我不知道。我会——我该聊什么？我甚至——嗯。我大概会先选择那些更安全的科学问题，与我个人生活无关的。对，还有关于死亡的话题，就比如物理学之类的。

I don't know. I would what would I talk about? I don't even yeah. I probably I will go with the safer scientific questions at first that have nothing to do with my own personal life Yeah. And mortality, just like about physics and so on.

Speaker 0

对。慢慢来，看看情况如何，或者试试它有没有幽默感。这是另一个问题。如果它深刻理解人类，按理说它应该能生成——没错，能生成幽默。
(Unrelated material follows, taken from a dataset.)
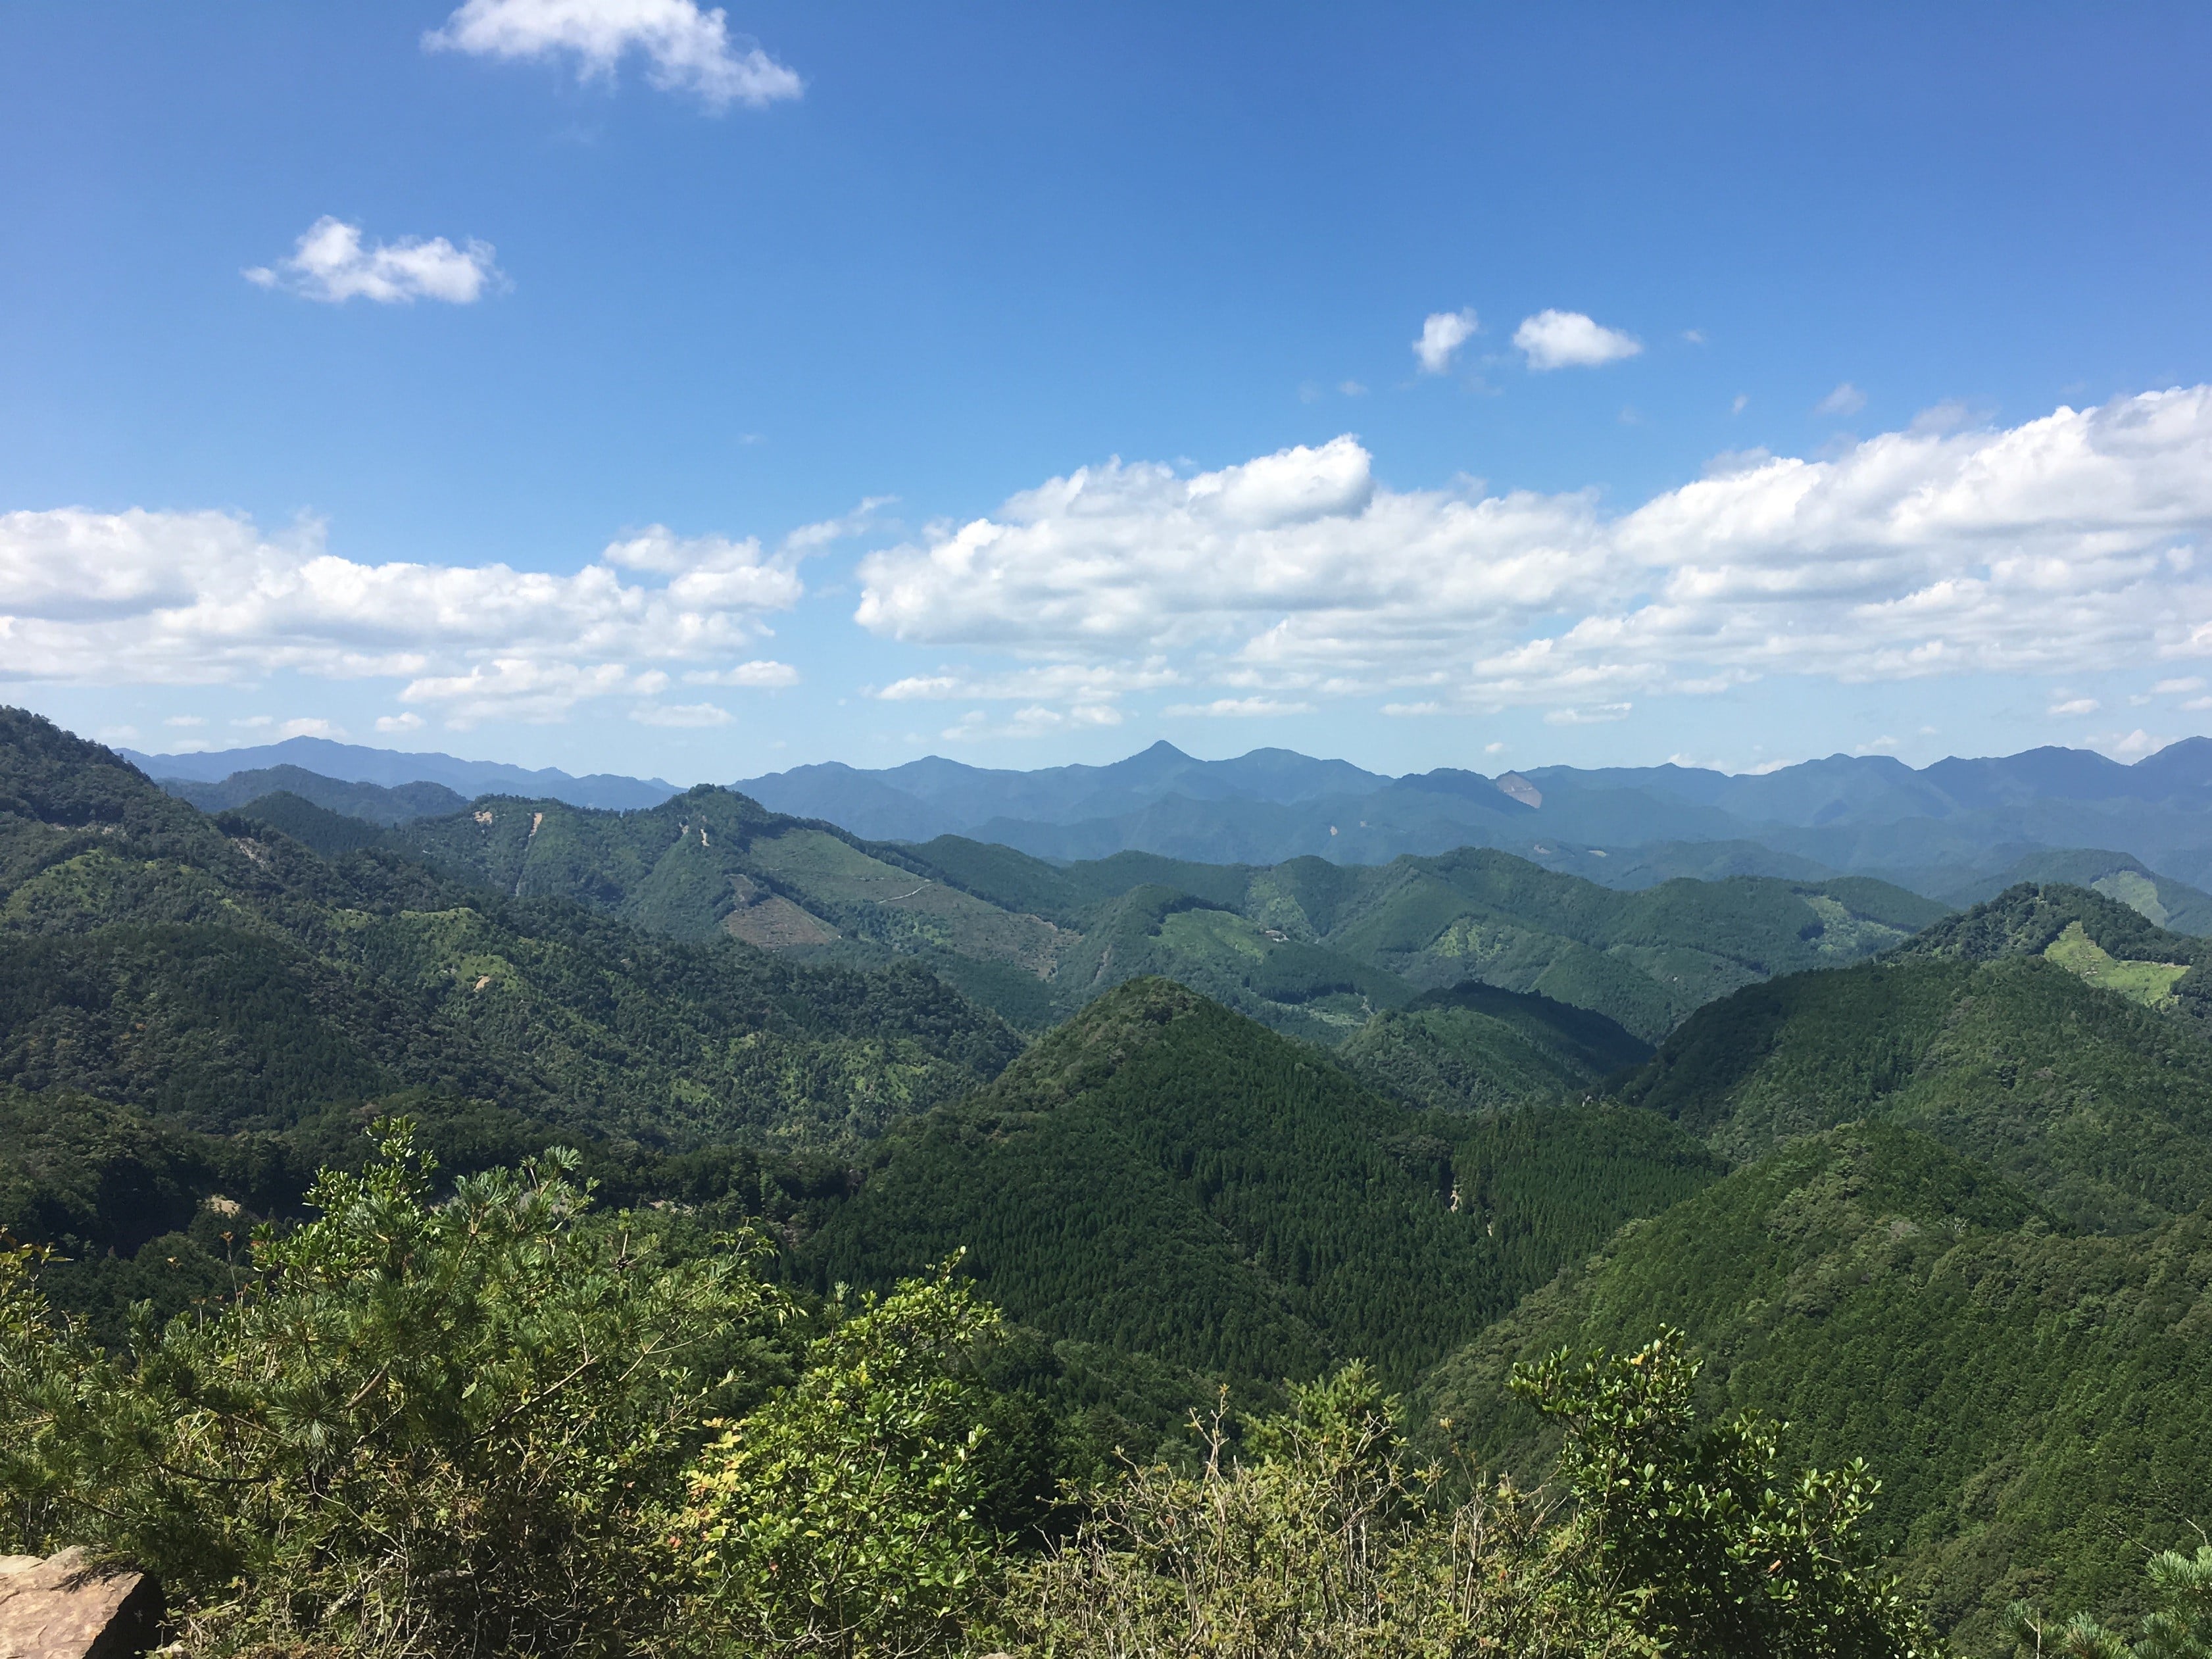 Views from Hyakken-gura of the endless Kumano mountains

Yeah. To to build up, like, let's see where it's at, or maybe see if it has a sense of humor. That's another question. Would it be able to presumably, in order to if it understands humans deeply, it would be able to generate Yep. To generate humor.

Speaker 0

是啊。

Yeah.

Speaker 1

我觉得这其实是个绝妙的衡量标准。它是否能——我认为这真是个很好的切入点。

I think that's actually a wonderful benchmark almost. Like, is it able I think that's a really good point, basically.

Speaker 0

能逗你笑吗？

To to make you laugh?

Speaker 1

是的。如果它能成为一个非常出色的单口喜剧演员，同时在计算领域做着非常有趣的事情，我认为幽默是极其困难的。
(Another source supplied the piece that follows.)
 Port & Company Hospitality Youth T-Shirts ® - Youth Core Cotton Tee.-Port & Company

Yeah. If it's able to be, like, a very effective stand up comedian that is doing something very interesting computationally, I think being funny is extremely hard.

Speaker 0

没错。因为这在某种程度上很难，就像图灵测试，图灵测试最初的意图之所以困难，是因为你必须说服人类，而这正是为什么喜剧演员会谈论这个。这非常真实，因为如果人们忍不住笑了，那就是成功；如果他们没笑，就意味着你不搞笑。

Yeah. Because it's hard in a way, like a Turing test, the original intent of the Turing test is hard because you have to convince humans, and there's nothing that's why that's why comedians talk about this. Like, there's this is deeply honest because if people can't help but laugh. If they don't laugh, that means you're not funny.